Eculizumab is an effective treatment for
paroxysmal nocturnal hemoglobinuria (PNH). However, considering the risk of life-threatening
meningococcal disease, life-long duration and costs, there are strict criteria for initiation of
therapy. To evaluate the application and real-world effectiveness of
eculizumab in the Netherlands, a multicenter retrospective cohort study was conducted: indications and treatment outcomes were collected for 105 Dutch PNH patients. In all patients,
eculizumab was initiated conforming to indications as formulated in the Dutch PNH guideline.
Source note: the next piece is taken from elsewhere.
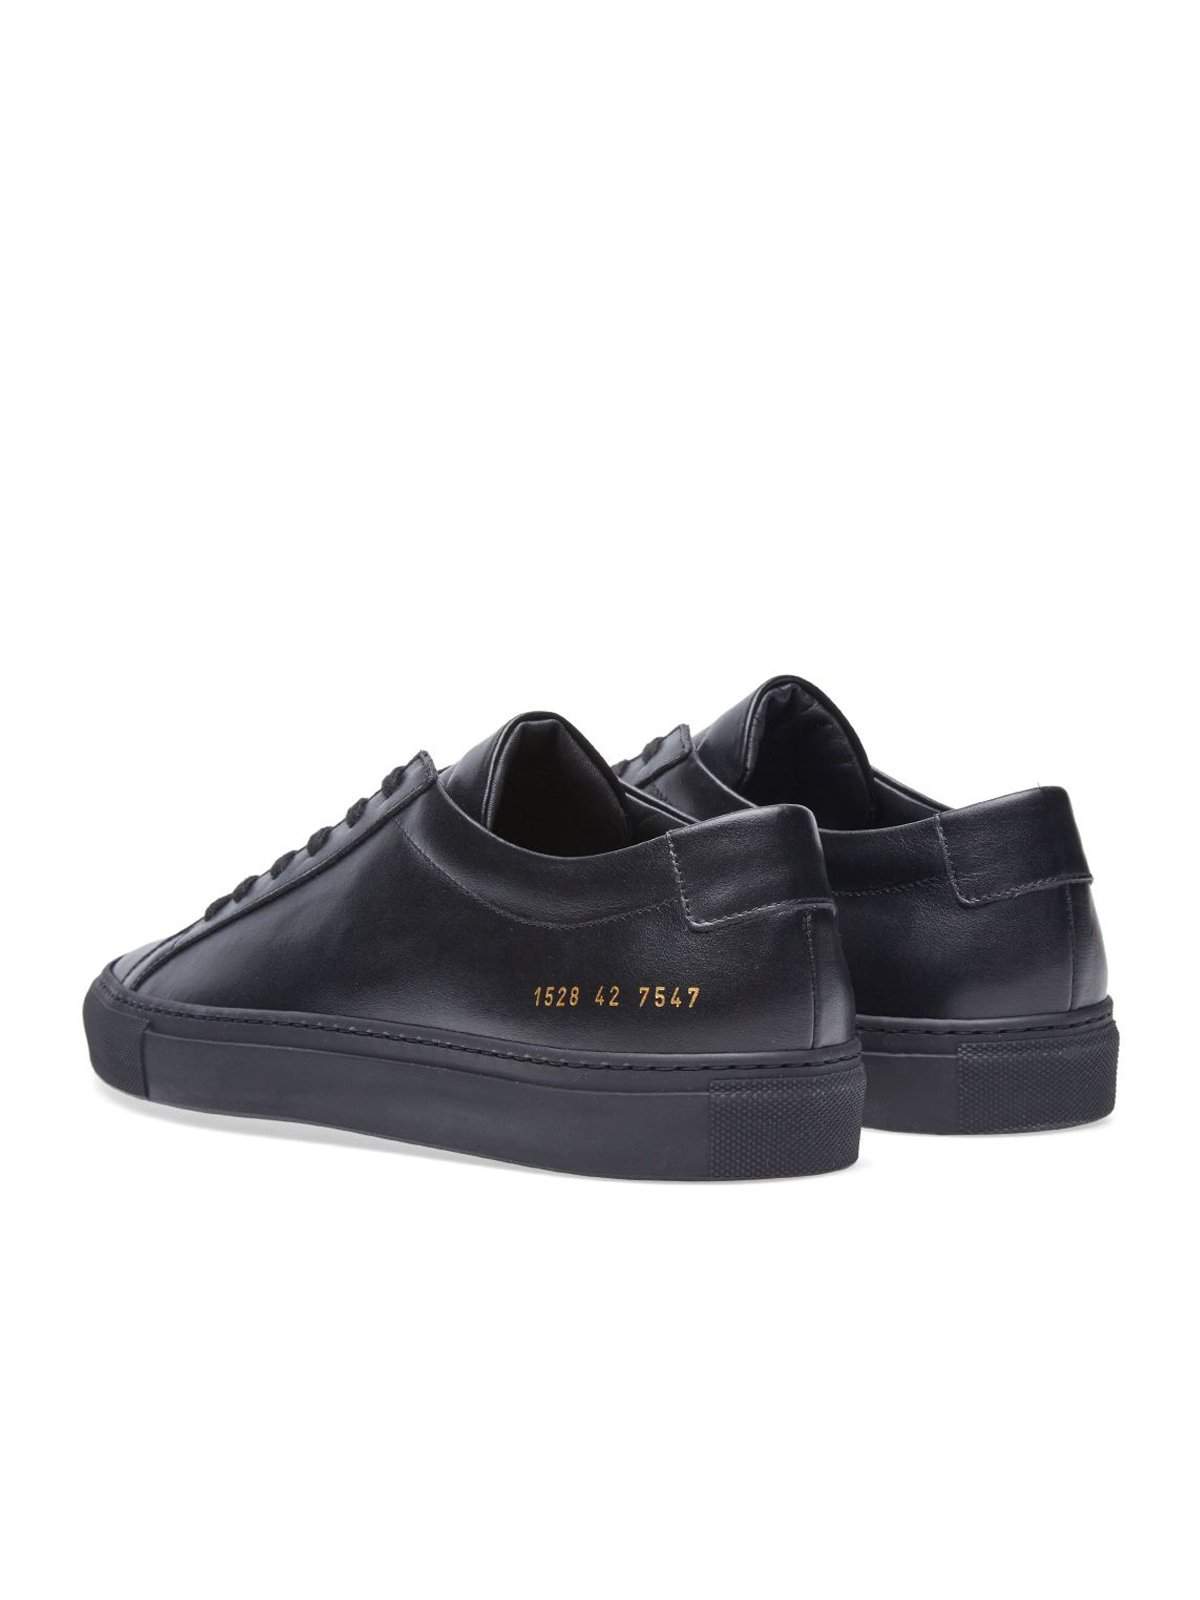 Common Projects Original Achilles Low Black - MORE by Morello Indonesia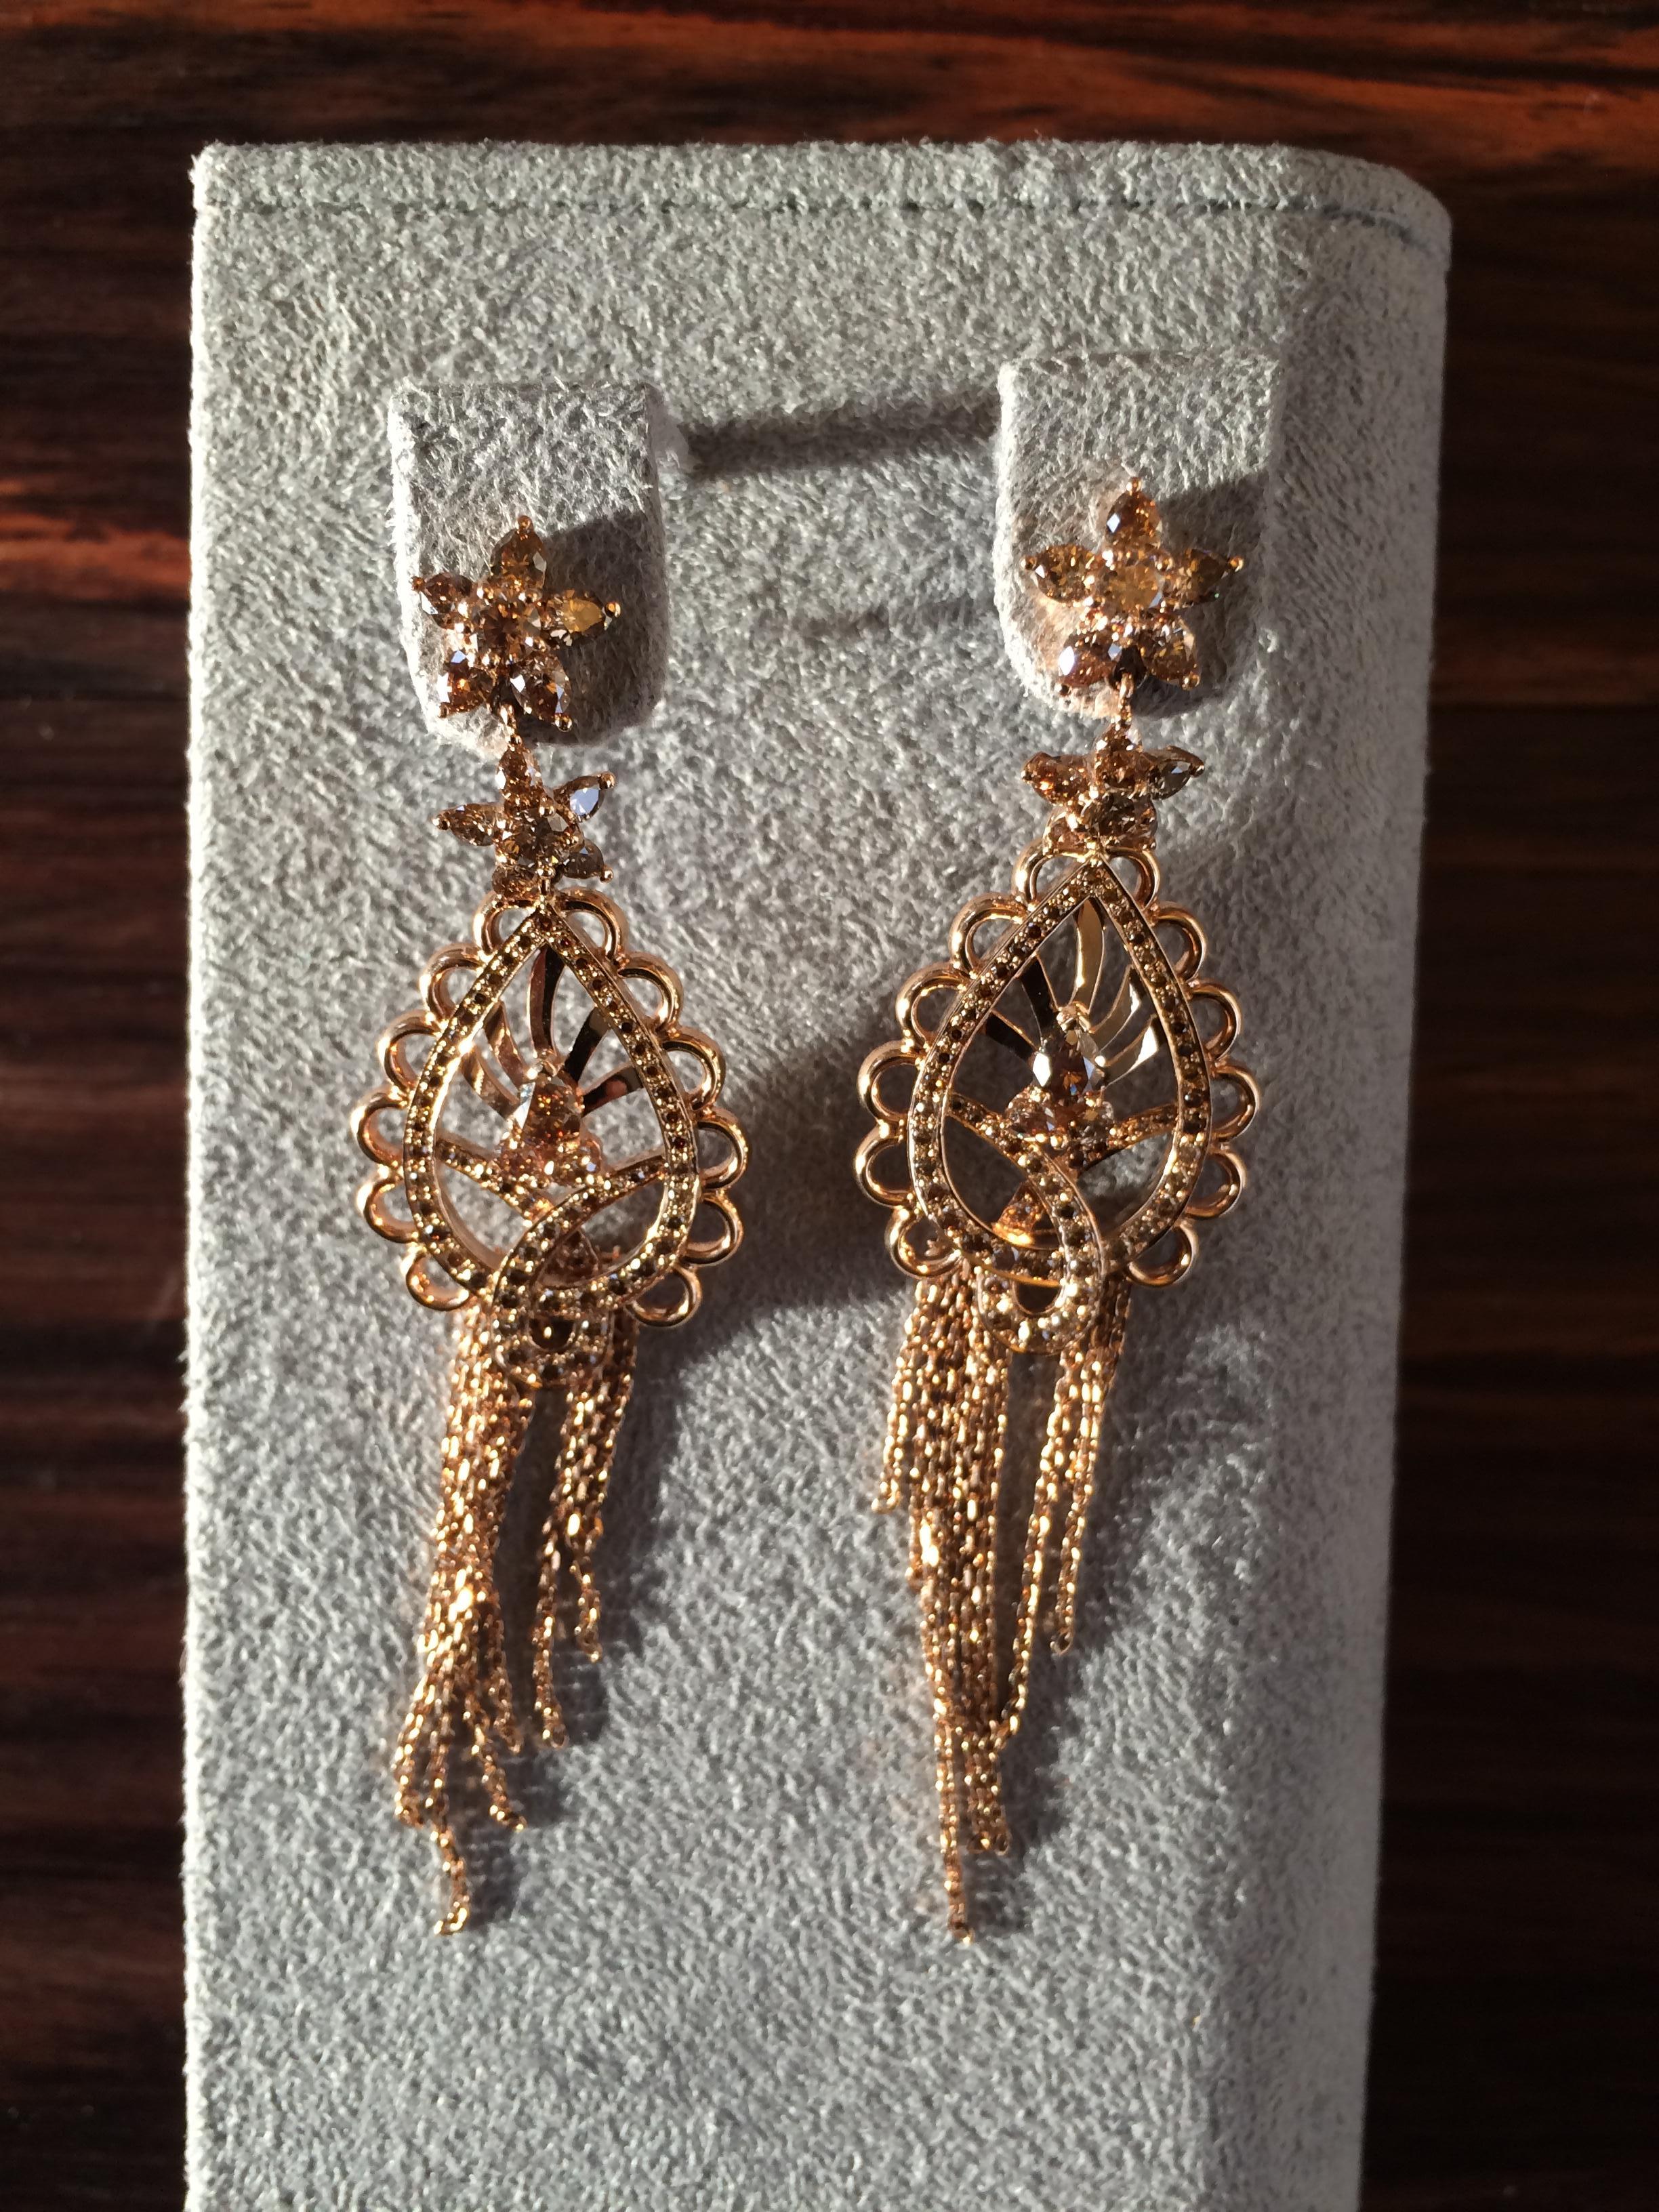 Ana de Costa Rose Gold Cognac Diamond Paisley Drop Chain Earrings Pendant Set In New Condition For Sale In London, Kent

According to recently published response criteria, 23.4% of the patients had reached a complete hematological response, 53.2% a good or partial response, and 23.4% a minor response after 12 months of
therapy. In the majority of patients the response remained stable during long-term follow-up. The degree and relevance of
extravascular hemolysis significantly differed between response groups (p = 0.002). Improvements of EORTC-QLQc30 and FACIT-
fatigue scores were observed, however patients reported lower scores than the general population. A detailed evaluation of 18 pregnancies during
eculizumab showed no maternal or
fetal deaths, and no thromboembolic events during pregnancy. This study demonstrates that the majority of patients benefit from
eculizumab when adhering to the indications as formulated in the Dutch PNH guideline. However, novel
therapies are needed to further improve real-world outcomes, such as hematological responses and quality of life.